This month’s election is being cited as the latest evidence that the island’s political evolution over the past 20 years has eroded the Taiwan people’s interest in reunification. If this is true, then one of the historical assumptions of U.S. policy--that reunification is the ultimate aspiration of both sides--is no longer valid. This would have profound implications because Beijing predicated its diplomatic recognition of the United States on an understanding that Washington would support reunification as long as it occurred peacefully.

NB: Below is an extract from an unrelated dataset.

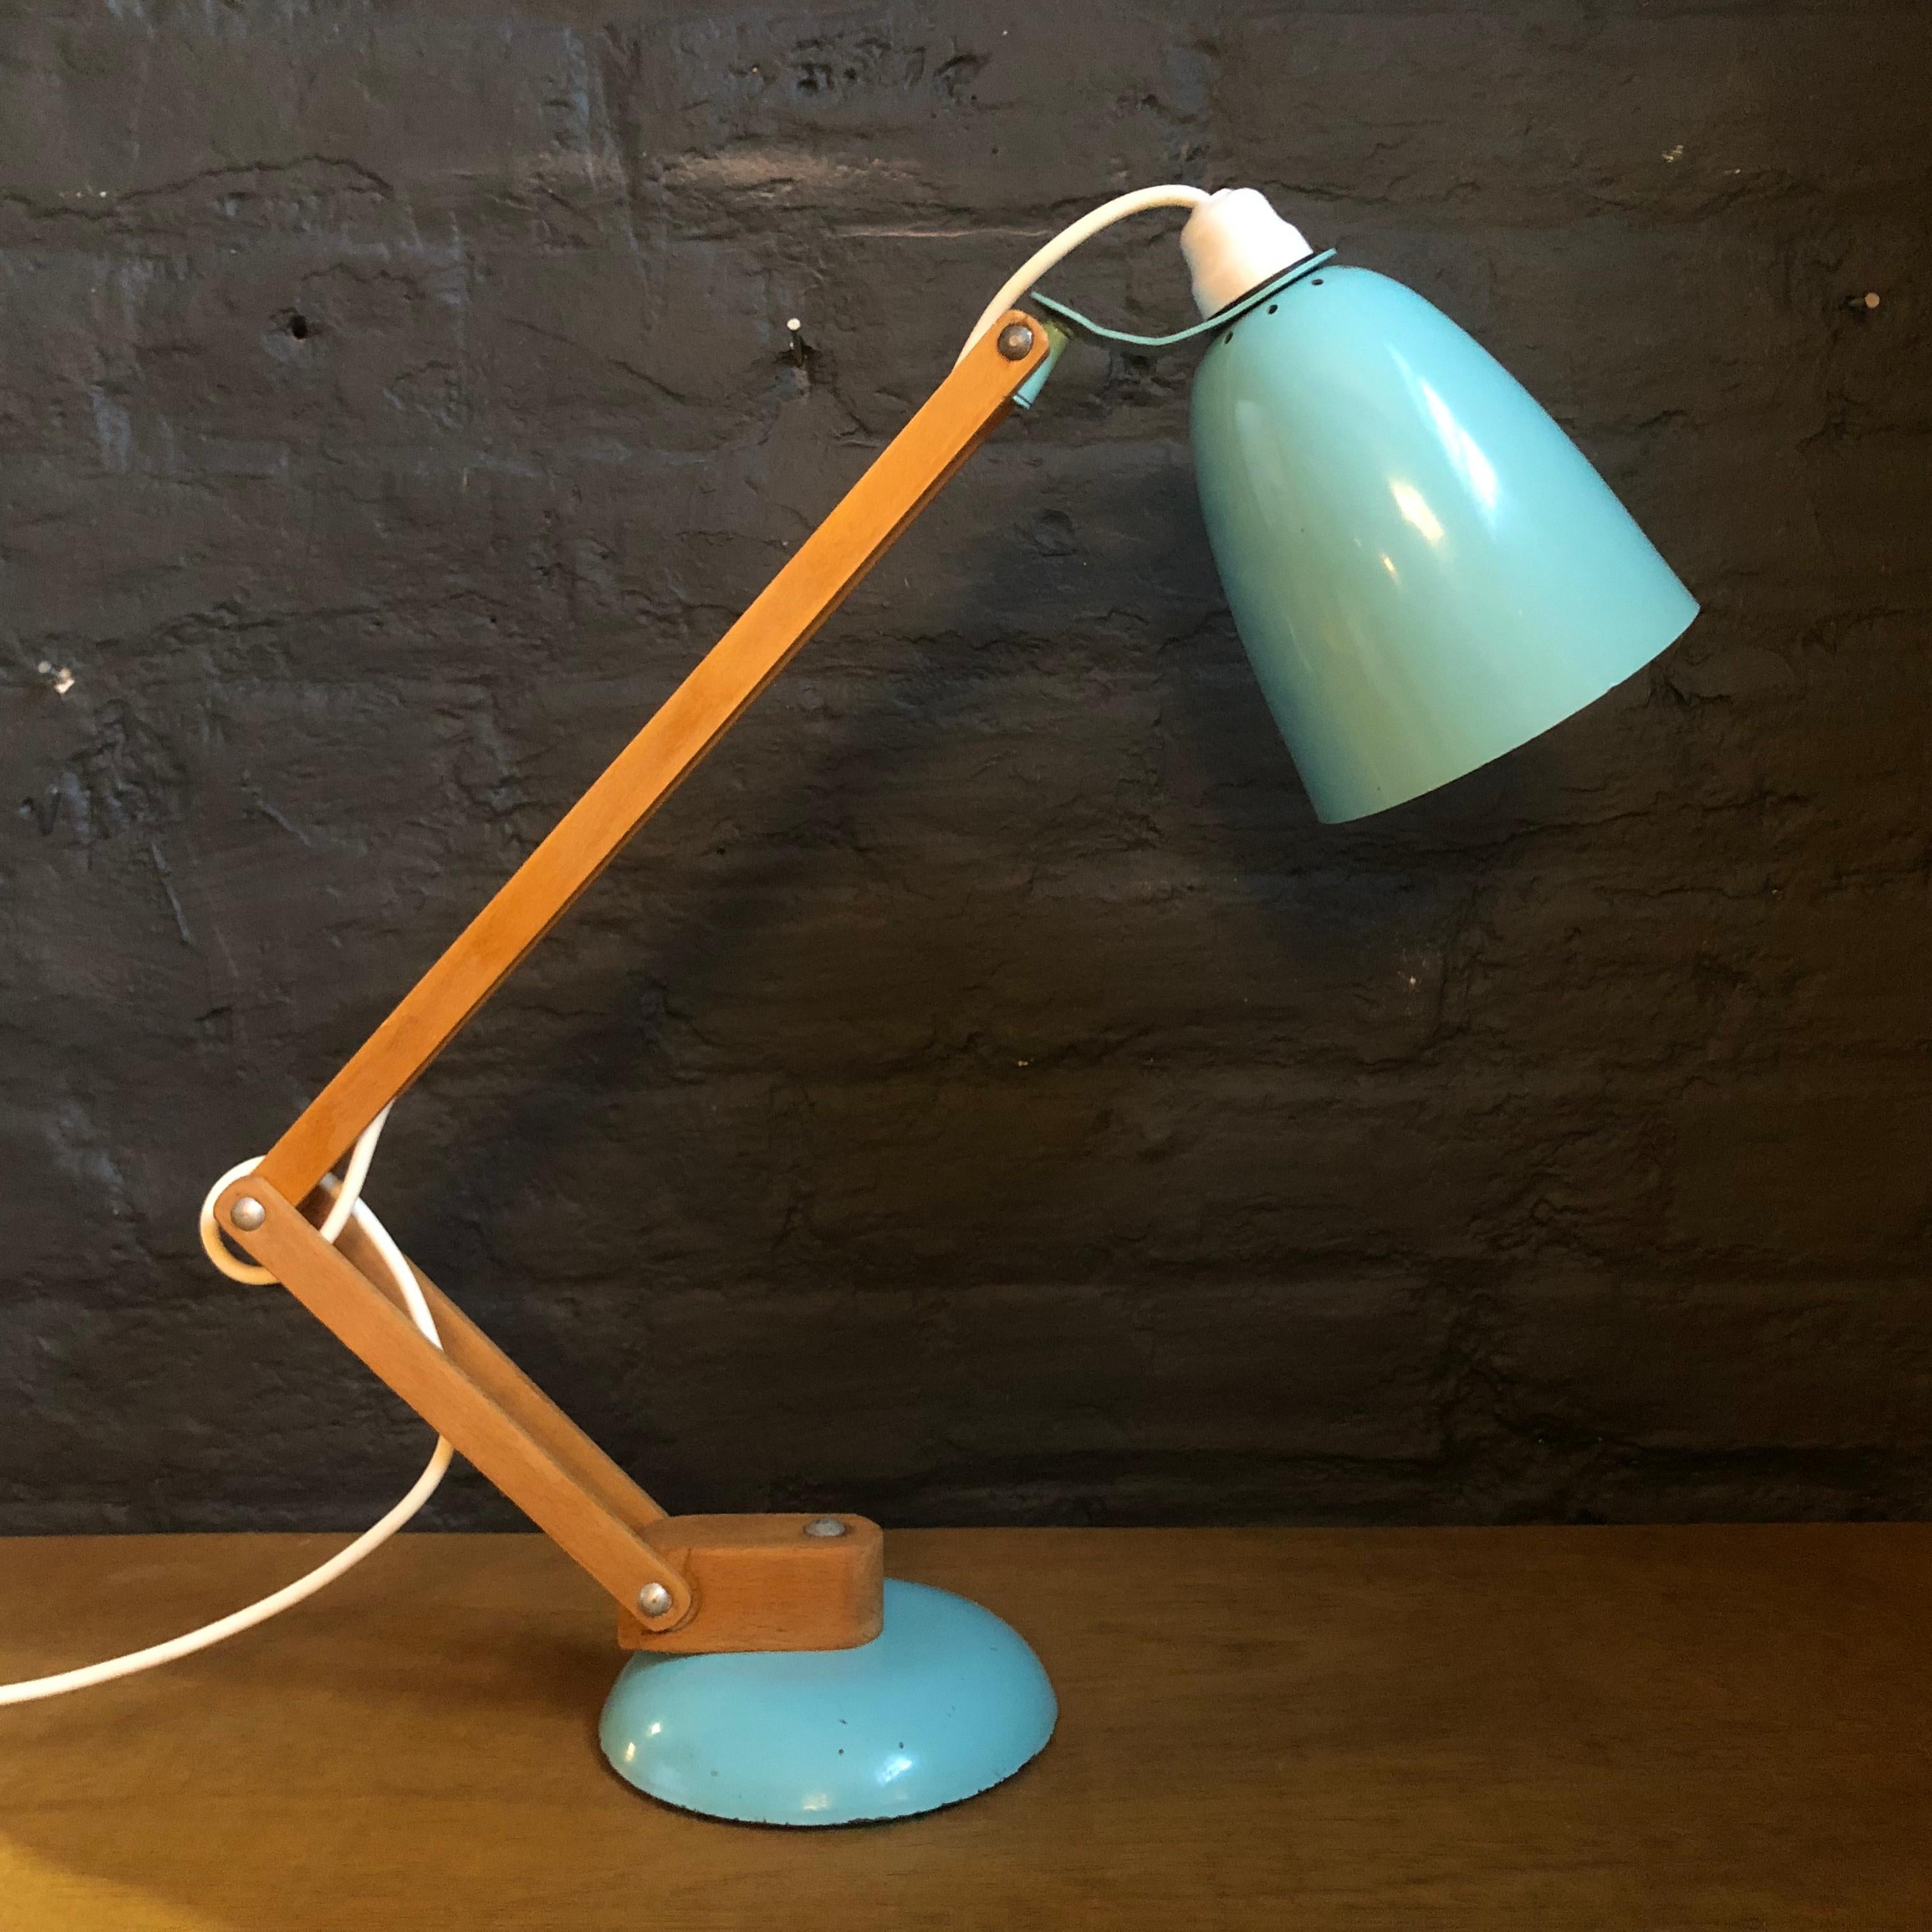 20th Century Vintage Midcentury Maclamp by Terence Conran Desk Lamp in Turquoise

Under the circumstances, Washington needs to clarify the U.S. position on “one China” and reunification based solely on our strategic national interests, regardless of whether that position coincides with either Taipei’s or Beijing’s. Maintaining strategic ambiguity on the potential U.S. response to a hypothetical conflict is one thing, but ambiguity or uncertainty in the underlying policy itself is dangerous.

In eliminating any uncertainty, we should be prepared to deal with the possibility that Taipei’s position on reunification has drifted away from ours, or that our strategic interests dictate a position on “one China” that happens to coincide with Beijing’s. On the latter score, it would be folly to automatically define our interests as the opposite of whatever Beijing’s are. That would virtually guarantee a war.

The fact is that Beijing subscribes to all three of the principles that ostensibly underlie U.S. policy toward Taiwan: “one China,” encouragement of cross-strait talks and peaceful resolution. What Beijing essentially has warned is that if Taiwan and/or the United States diverge from the first two, we should not be surprised if China abandons the third.

This worst-case scenario could be avoided if all three sides, and especially the new Taiwan president, reaffirmed that mutually agreeable terms for reunification are conceivable. This should be sufficient basis for resuming cross-strait talks, which could and should be open-ended. All the details and definitions would be subject to negotiation, and Washington could still use its military deterrent to ensure that Taiwan is not forced to accept anything against its will.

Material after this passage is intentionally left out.